(Beginning of RECORDED INFORMATION)

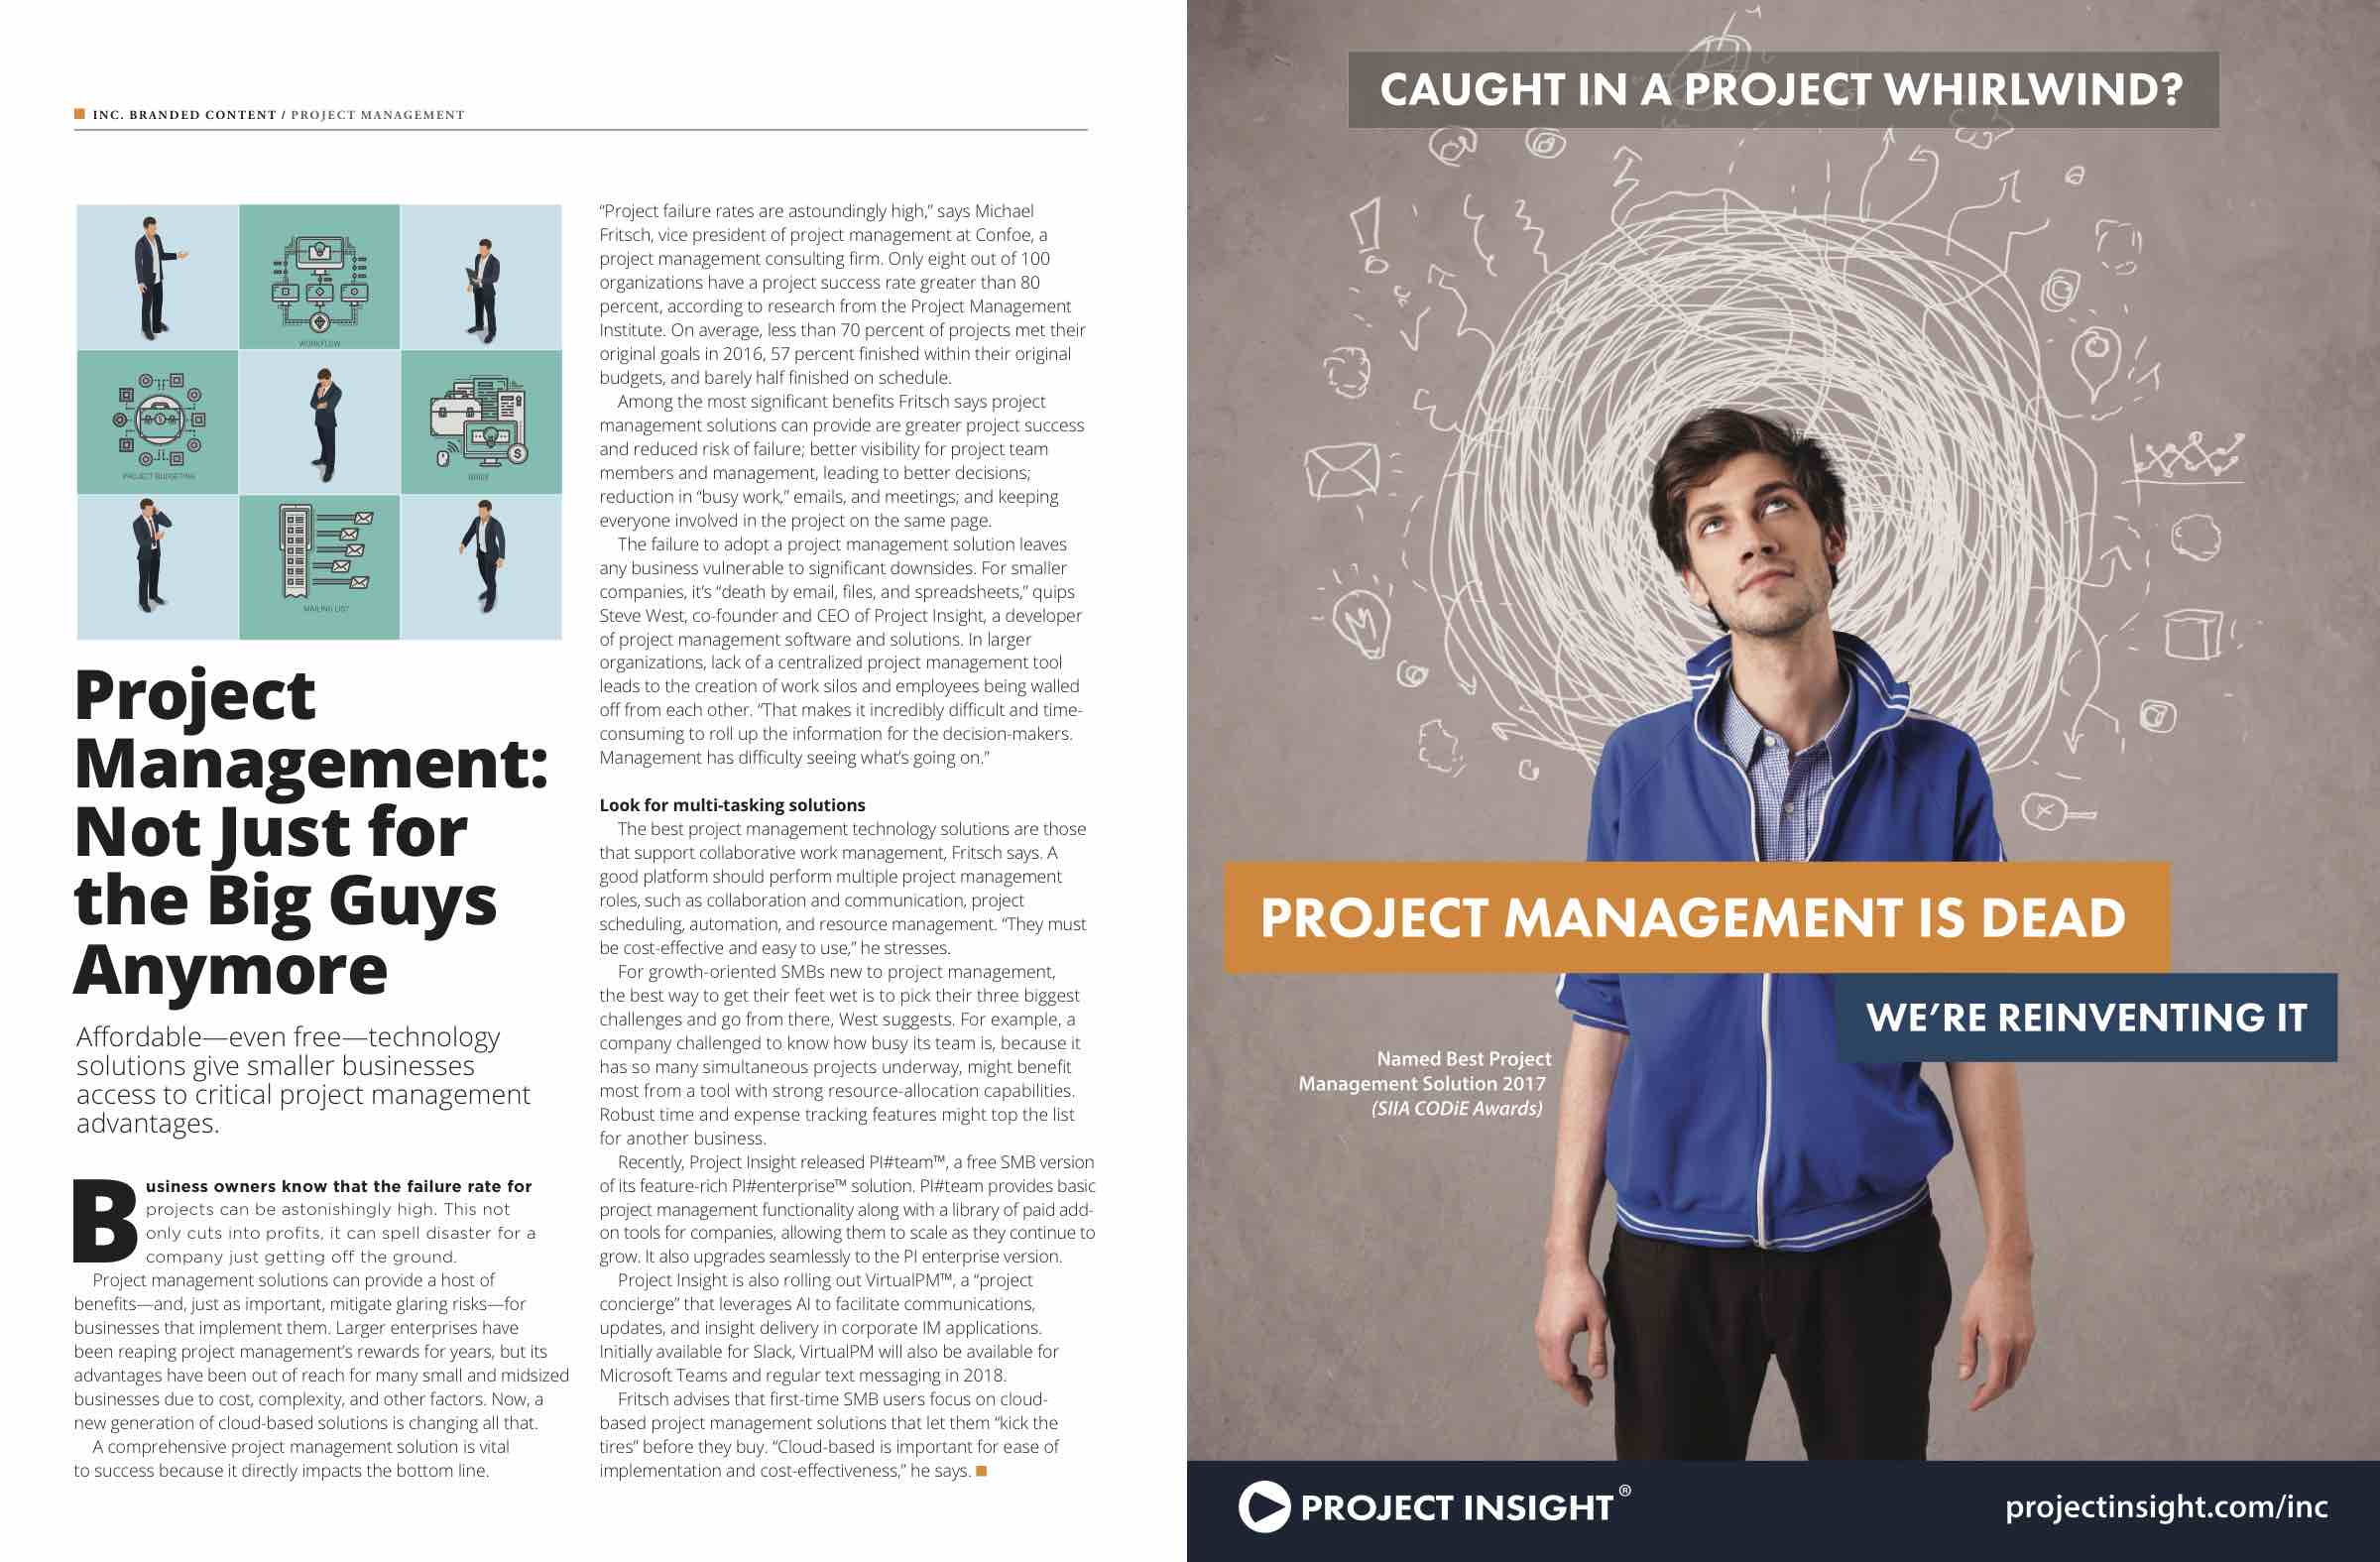 https://www.incimages.com/branded-content/ProjectManagementDec2017.compressed.jpg
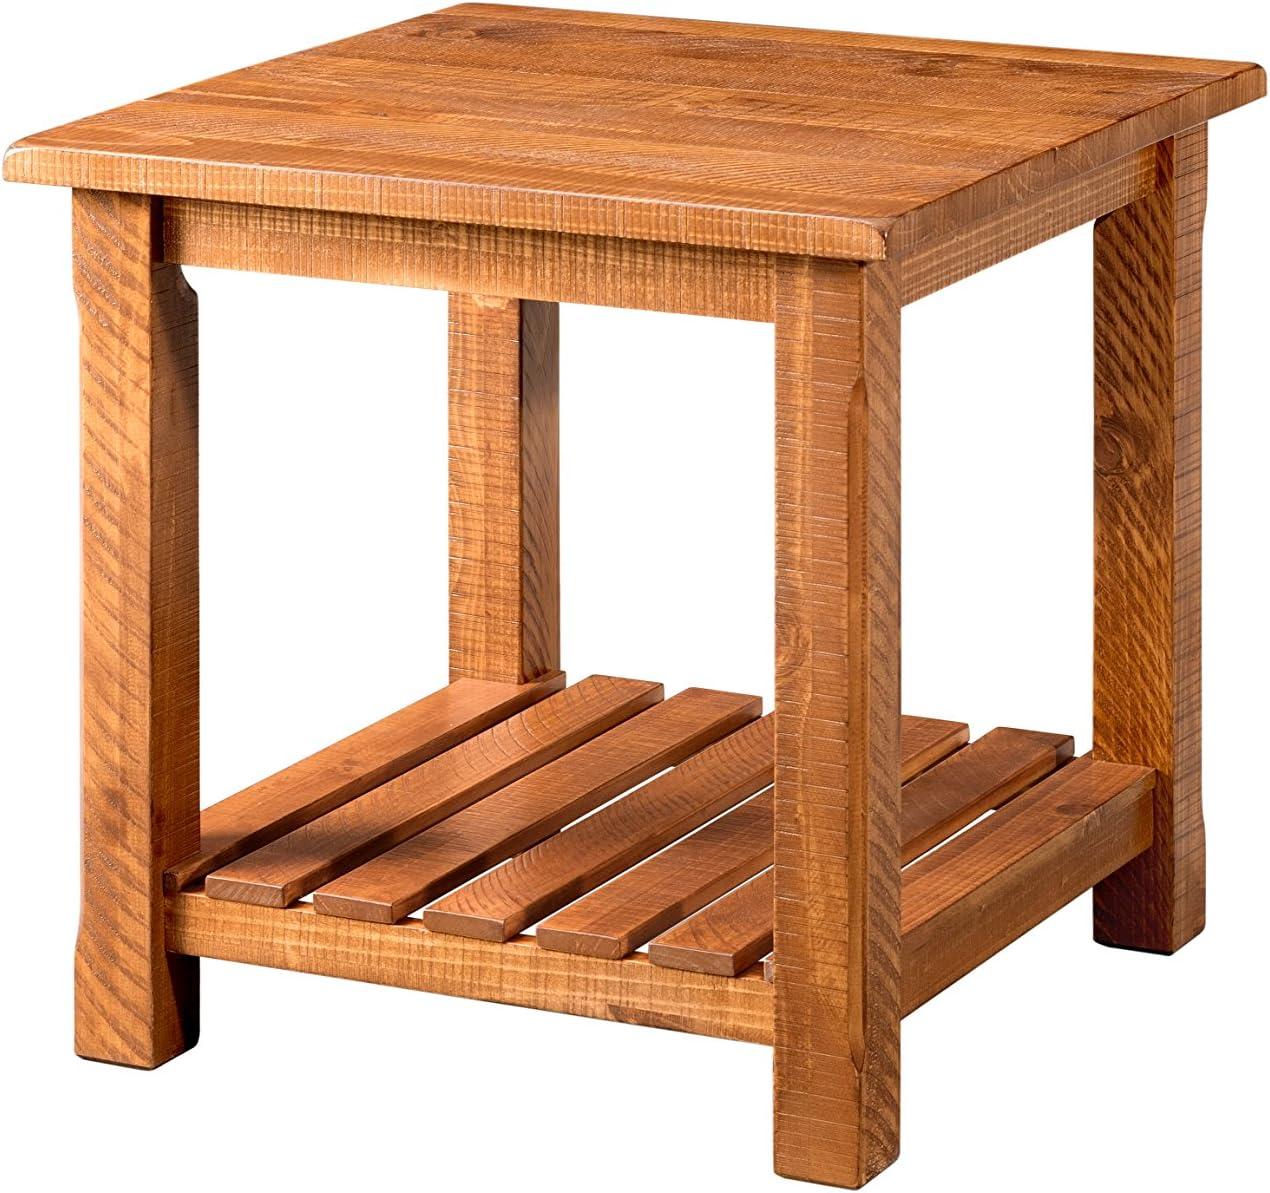 Martin Svensson Home End Table, Honey Tobacco
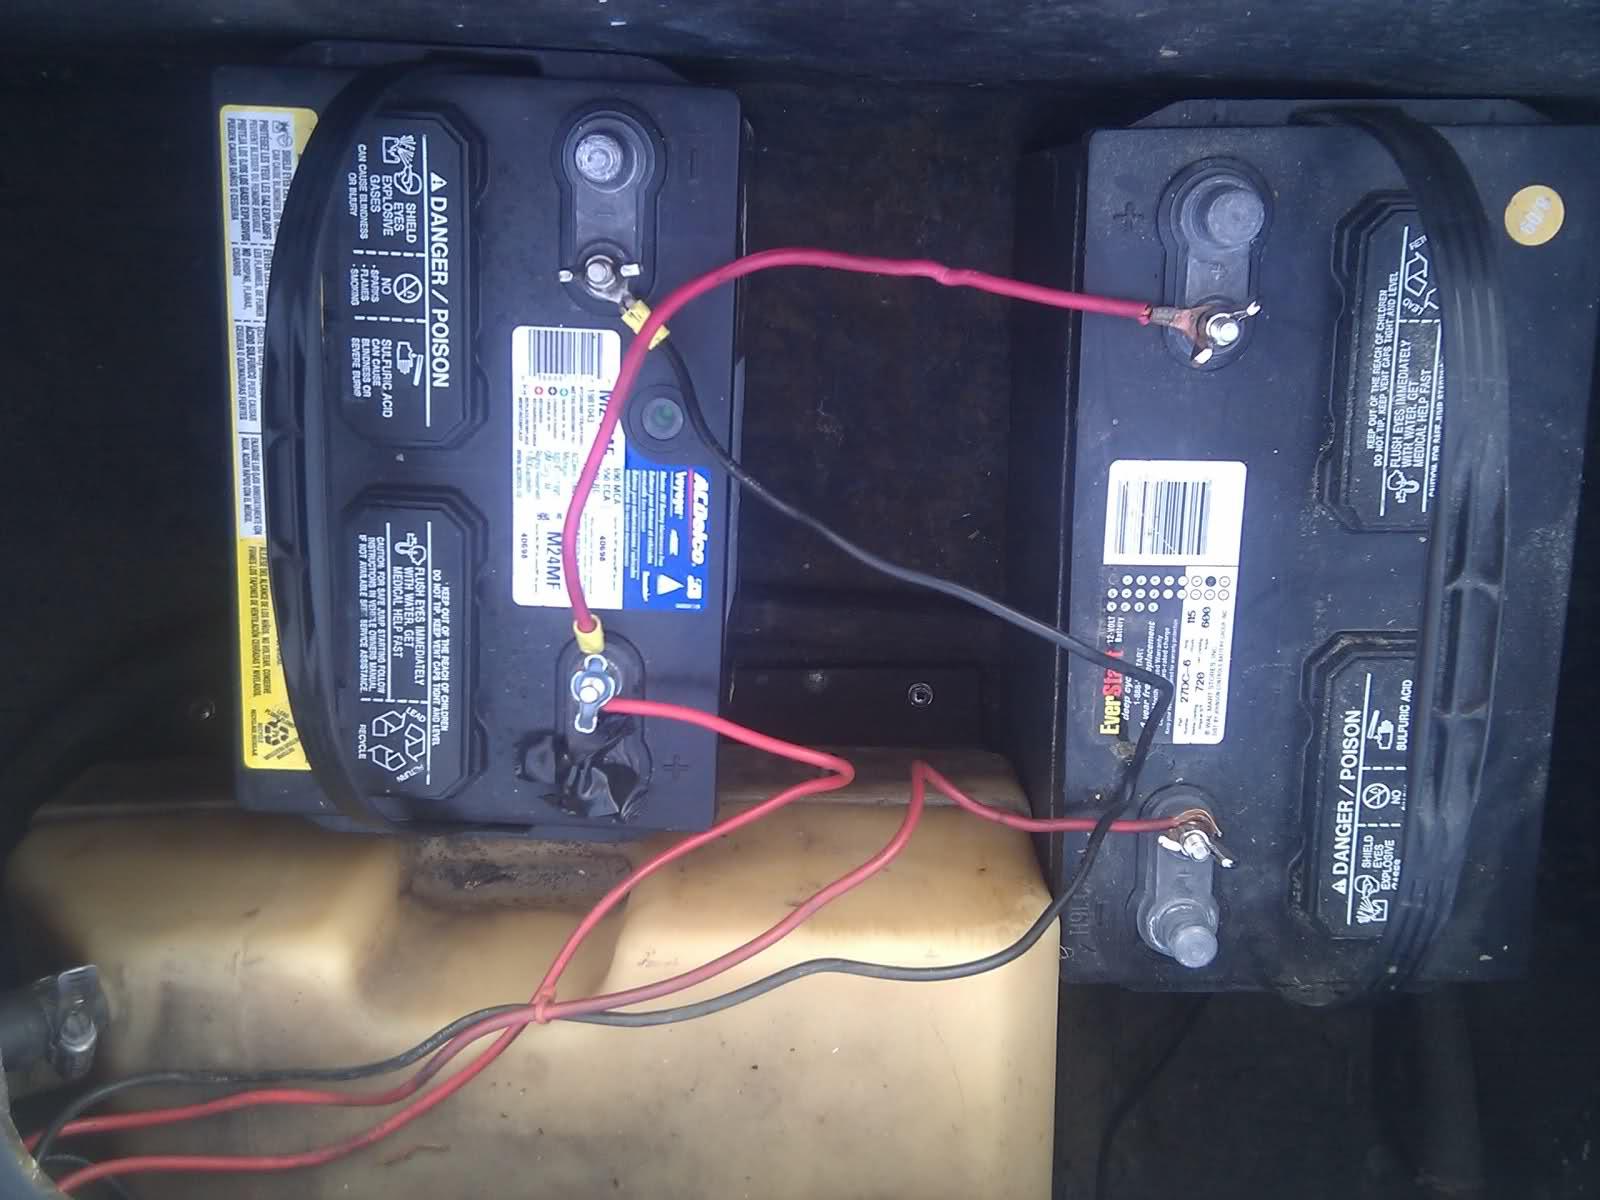 Boat Trolling Motor 24V Battery Wiring Diagram | Wiring Library - 24 Volt Trolling Motor Battery Wiring Diagram

(End of RECORDED INFORMATION)

DIRECTIONS FOR THIS TASK: Reproduce all the material exactly, omitting images.

RESULT:
 https://www.incimages.com/branded-content/ProjectManagementDec2017.compressed.jpg
 Martin Svensson Home End Table, Honey Tobacco
 Boat Trolling Motor 24V Battery Wiring Diagram | Wiring Library - 24 Volt Trolling Motor Battery Wiring Diagram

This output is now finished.